▶ _Collected data_
_ _ _ _ _
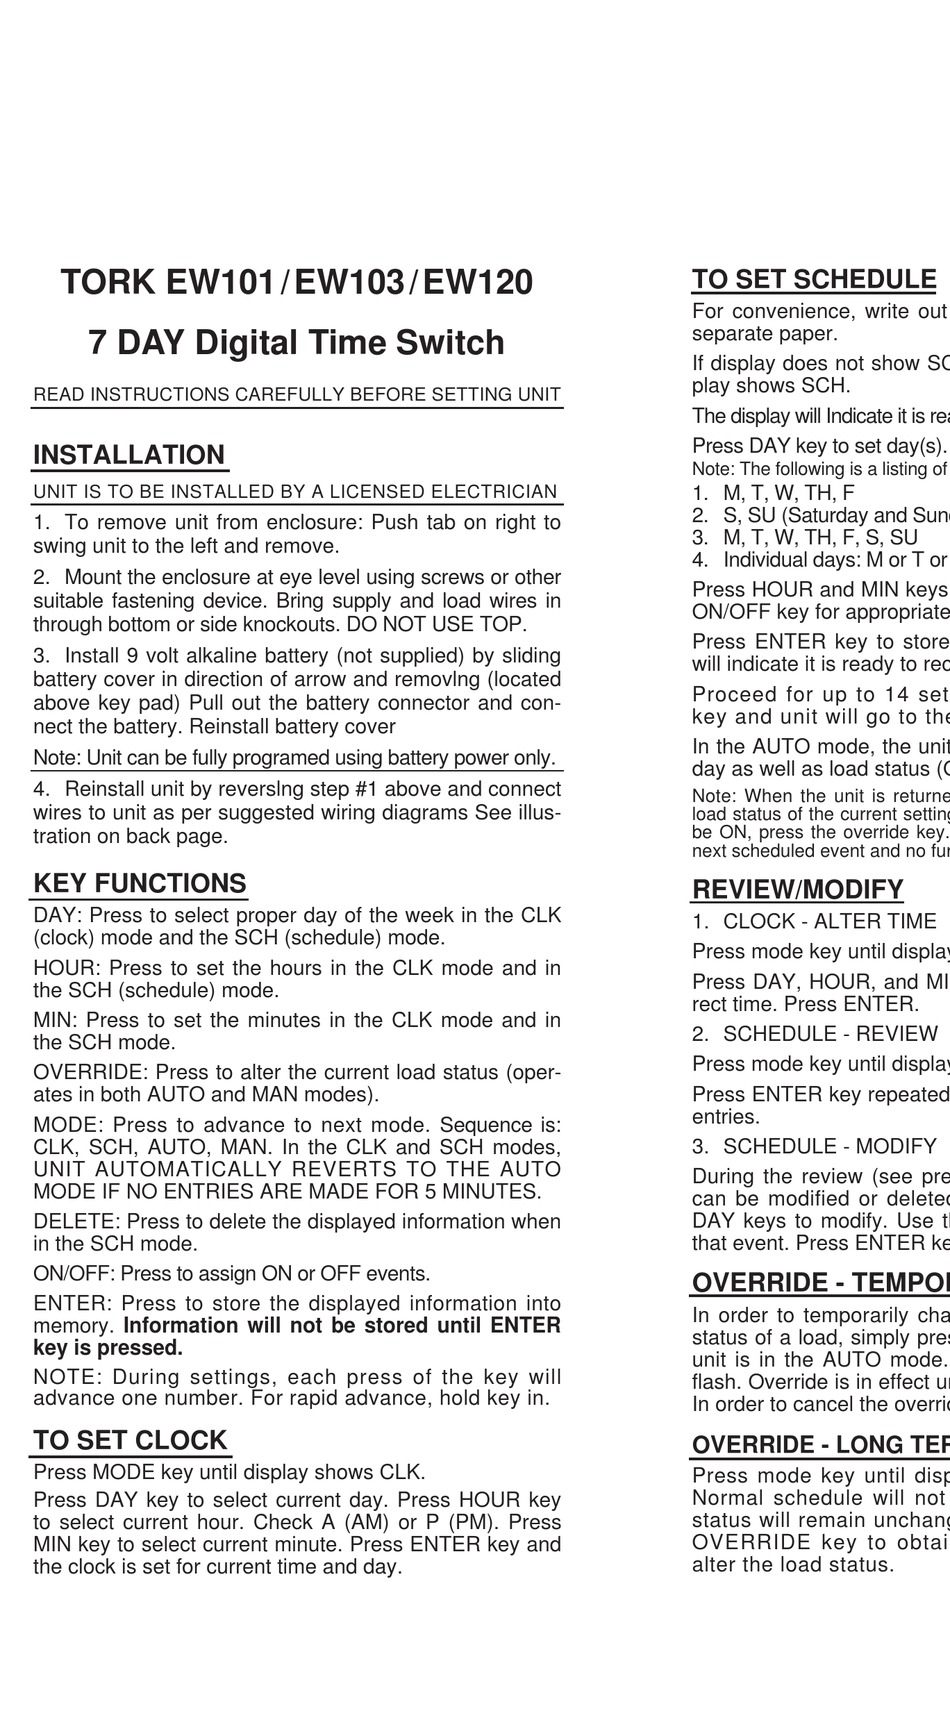 TORK EW101 MANUAL Pdf Download | ManualsLib
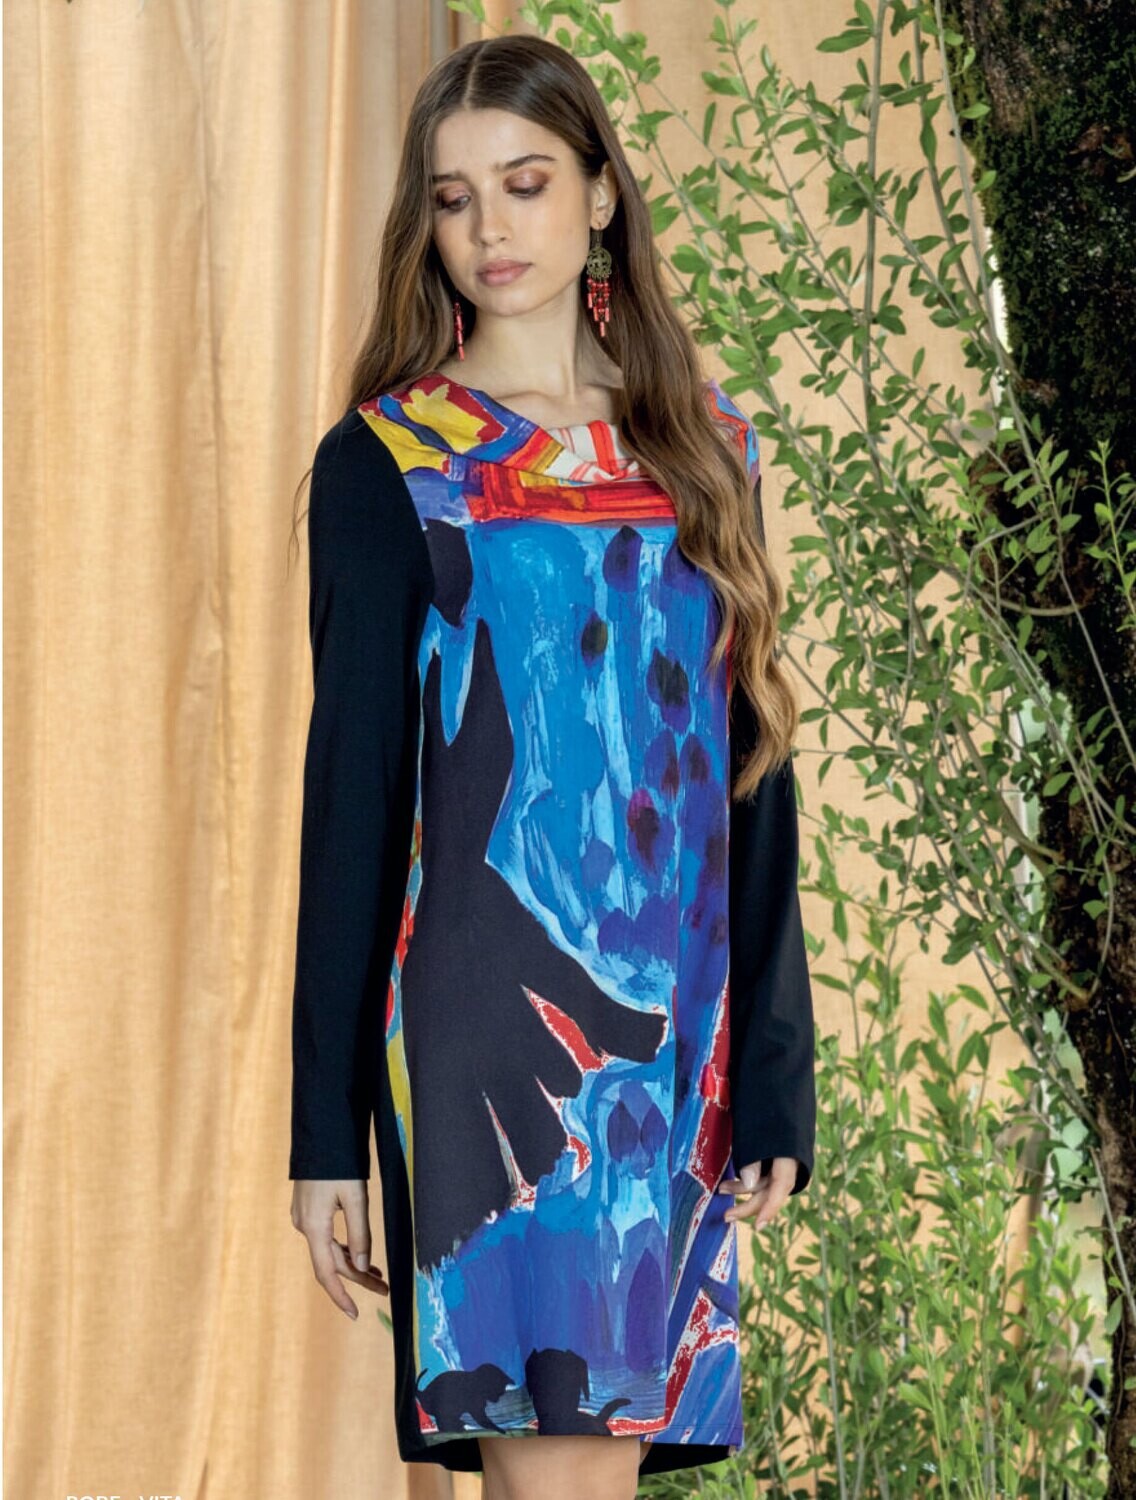 Maloka: Dolce Vita Art Contrast Dress
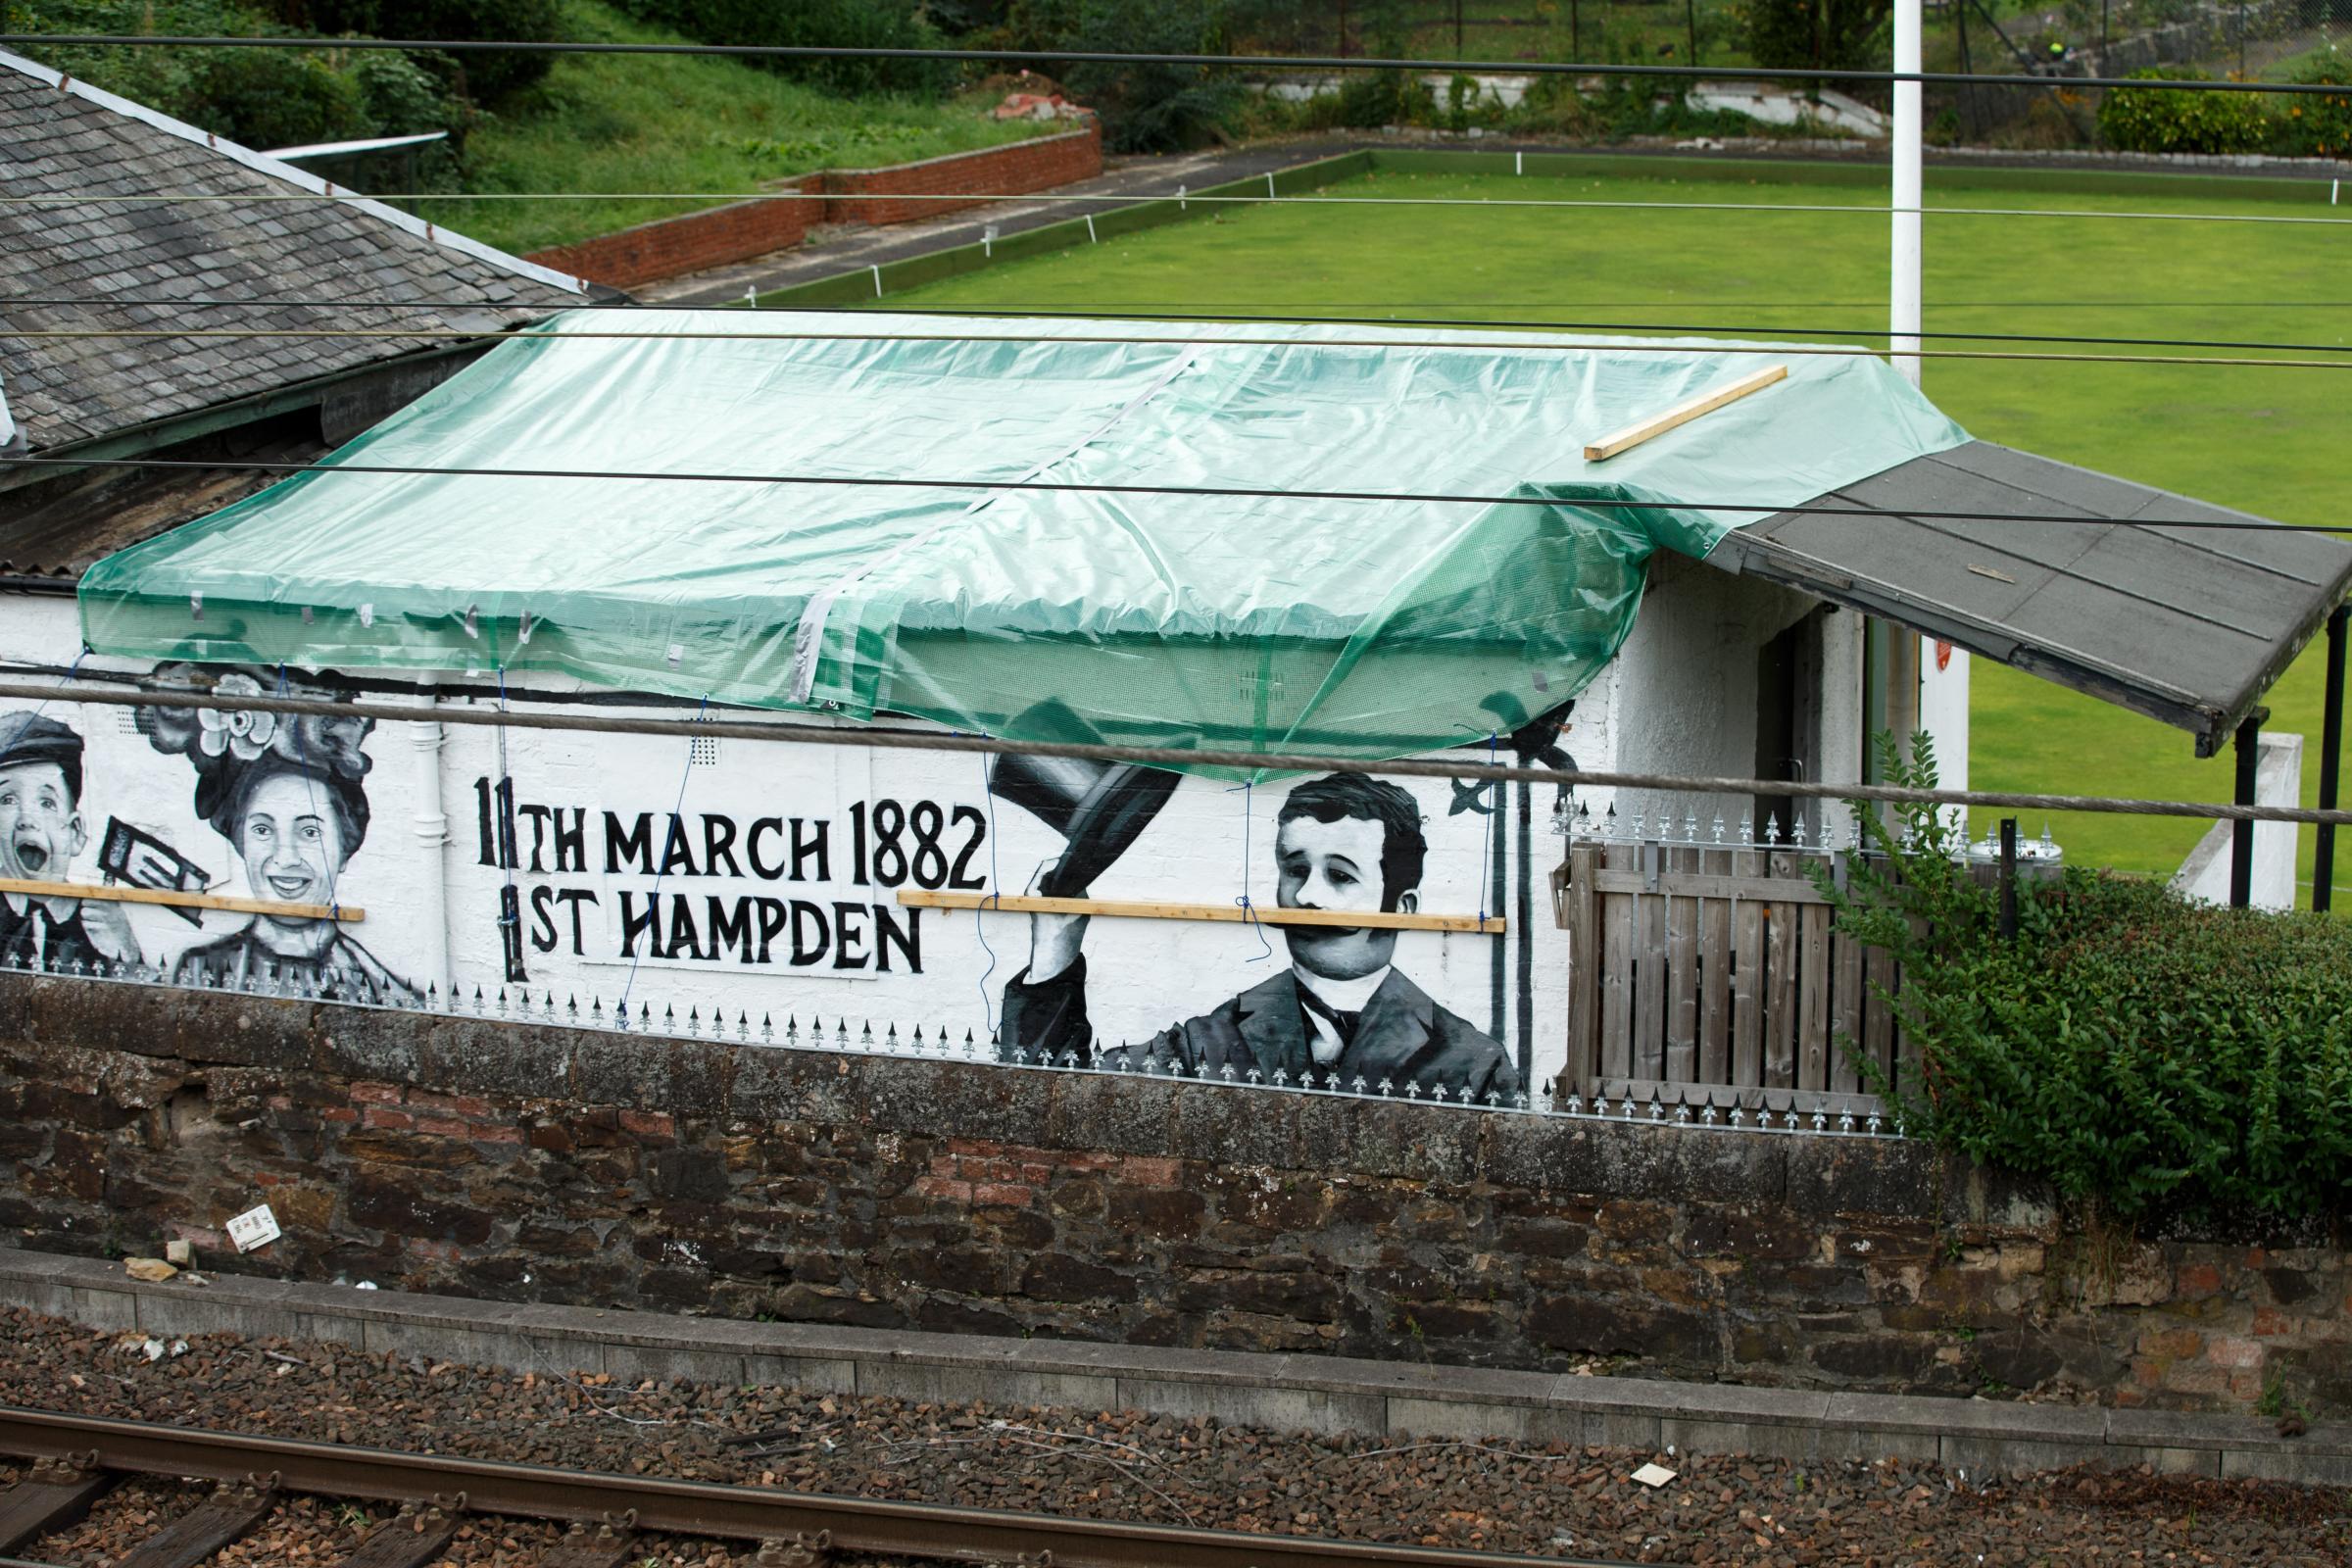 Hampden Bowling Club where the first Hampden Park was discovered
_ _ _ _ _
▶ _Exercise requirements_
Retype the data above as given, letting no picture into the copy.

▶ _Exercise result_
 TORK EW101 MANUAL Pdf Download | ManualsLib
 Maloka: Dolce Vita Art Contrast Dress
 Hampden Bowling Club where the first Hampden Park was discovered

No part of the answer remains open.